Compared with MongoDB, TDSQL can use JSON fields to create various join conditions in a non-sharded table. It supports join operations in one single sharded table but not in multiple ones (for more information, please see the code below):

Insert data
create table users(id int primary key auto_increment, value json);
create table userinfo(id int primary key auto_increment, value json);
create table userrole(id int primary key auto_increment, value json);

insert into users(value) values('{ 
                                    "email" : "admin@gmail.com",
                                    "userId" : "AD",
                                    "userName" : "admin"}'),
                                ('{
                                    "email" : "admin1@gmail.com",
                                    "userId" : "AD",
                                    "userName" : "admin1"}');

insert into userinfo(value) values('{
                                        "userId" : "AD",
                                        "phone" : "0000000000"}'),
                                ('{
                                        "userId" : "AD",
                                        "phone" : "0000000000"}');

insert into userrole(value) values('{
                                        "userId" : "AD",
                                        "role" : "admin"}'),
                                ('{
                                        "userId" : "AC",
                                        "role" : "admin"}');

Multiple join operations can be performed on JSON fields according to the join syntax of MySQL
select * from users left join userinfo on users.value
                    ->"$.userId" = userinfo.value
                    ->"$.userId" left join userrole on users.value
                    ->"$.userId" = userrole.value
                    ->"$.userId" where users.value
                    ->"$.userName"="admin";

select * from users left join userinfo on users.value
                    ->"$.userId" = userinfo.value
                    ->"$.userId" right join userrole on users.value
                    ->"$.userId" = userrole.value
                    ->"$.userId" where userrole.value
                    ->"$.role"="admin";

Summary

Data write

Both MongoDB and TDSQL can easily write JSON strings and update some fields in JSON. However, MongoDB does not support transactions, and it can only ensure the atomicity of single-row operations.
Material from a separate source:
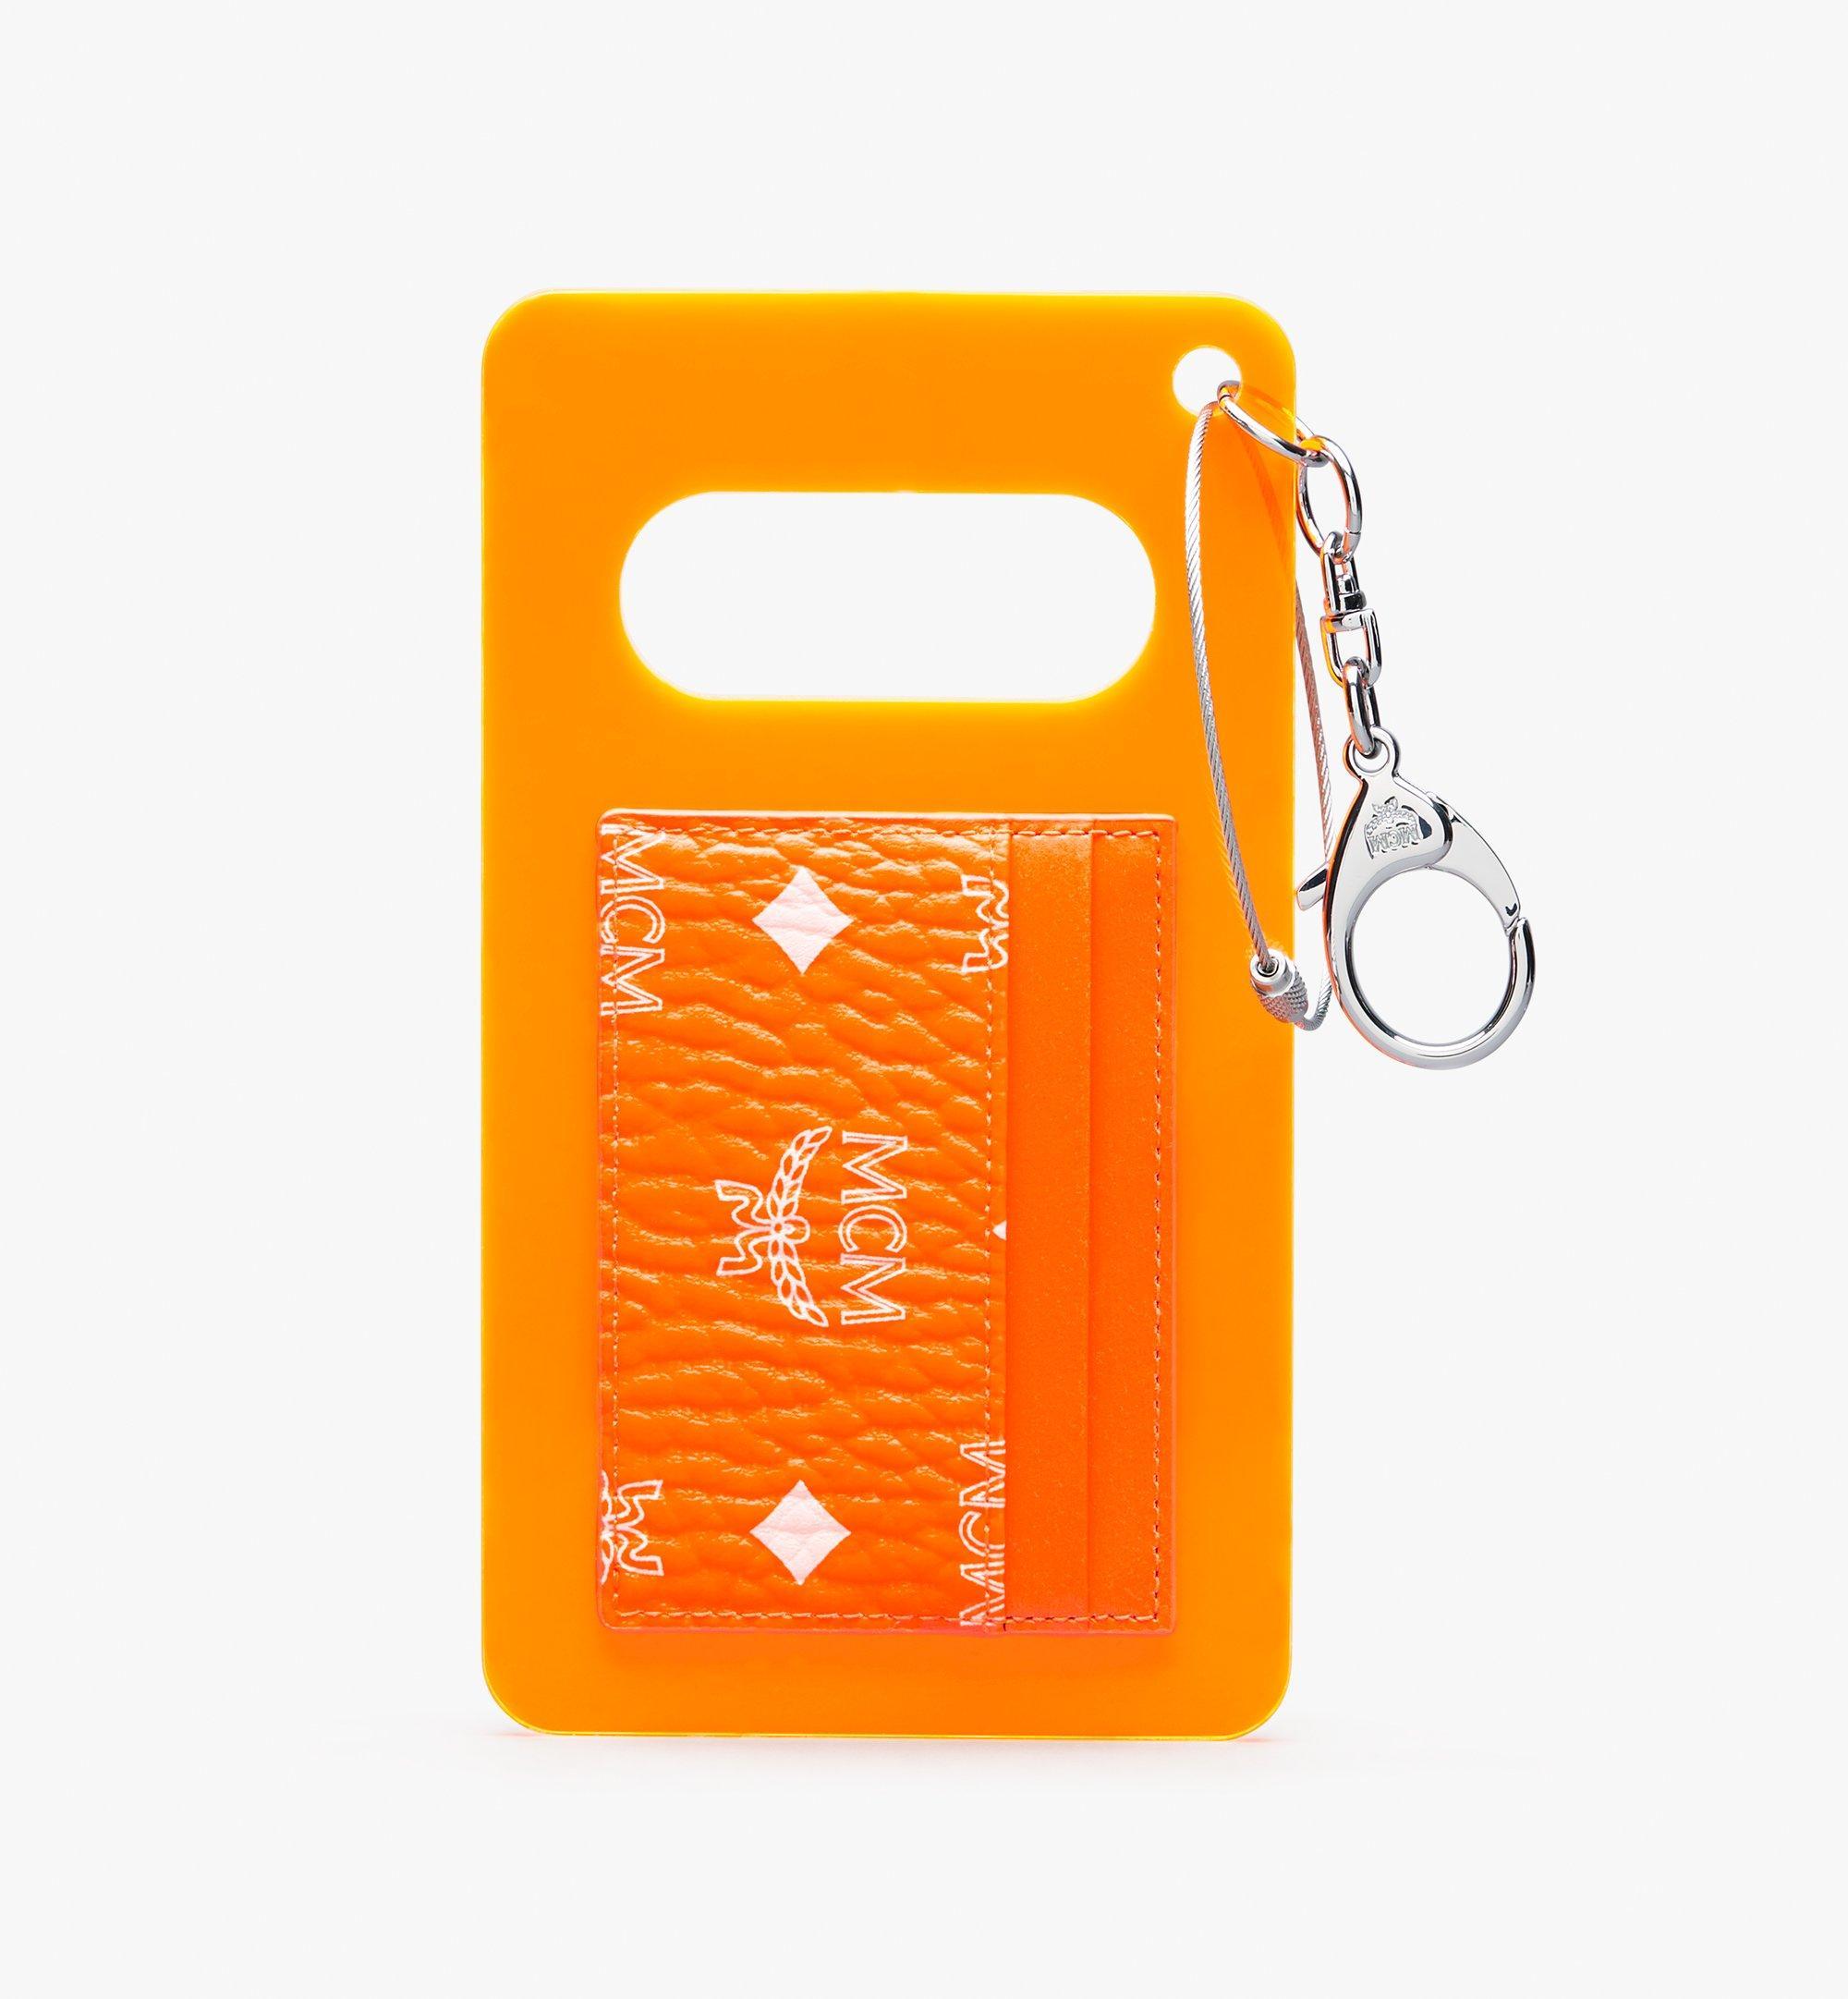 MCM 〈MCM by PHENOMENON〉アクリル ディスク カードケース - ヴィセトス Orange MYAASJP03OW001 ほかの角度から見る 1

If the atomicity of multiple-row operations needs to be ensured, two-phase commit must be implemented at the application layer. JSON operations of TDSQL can completely support transactions as well as distributed transactions in sharding mode.

Data query

  1. Join: TDSQL supports join operations on multiple tables by JSON fields, while MongoDB only supports left join operations on multiple non-sharded tables.
  2. Index: both TDSQL and MongoDB support creating indexes by some fields (e.g., int and string) of JSON. MongoDB also supports multikey index.
  3. Access to internal JSON elements: both TDSQL and MongoDB have complete syntax to access each filed in JSON, so there is no need to perform JSON parsing at the application layer.
  4. Search criteria: the searching and matching features of MongoDB are more comprehensive. In contrast, TDSQL is not very friendly to developers as they have to perform type conversion on the criteria before making any judgment. In addition, due to its poorer filtering feature than MongoDB, TDSQL is suitable for applications with simple JSON operations.

Overall comparison

In general, TDSQL has all the three core features of MongoDB (JSON flexibility, high availability ensured by replica set, and scalability ensured by sharding). MongoDB supports relatively detailed JSON features. Because TDSQL is created on the basis of Tencent's TDSQL finance-grade distributed architecture, it offers complete solutions for high data consistency, availability, and scalability. Furthermore, TDSQL is capable of processing transactions and join operations of relational databases.

If you want to use JSON types and enjoy the capabilities of traditional databases such as data consistency, transactions, and joins, TDSQL will be a good choice.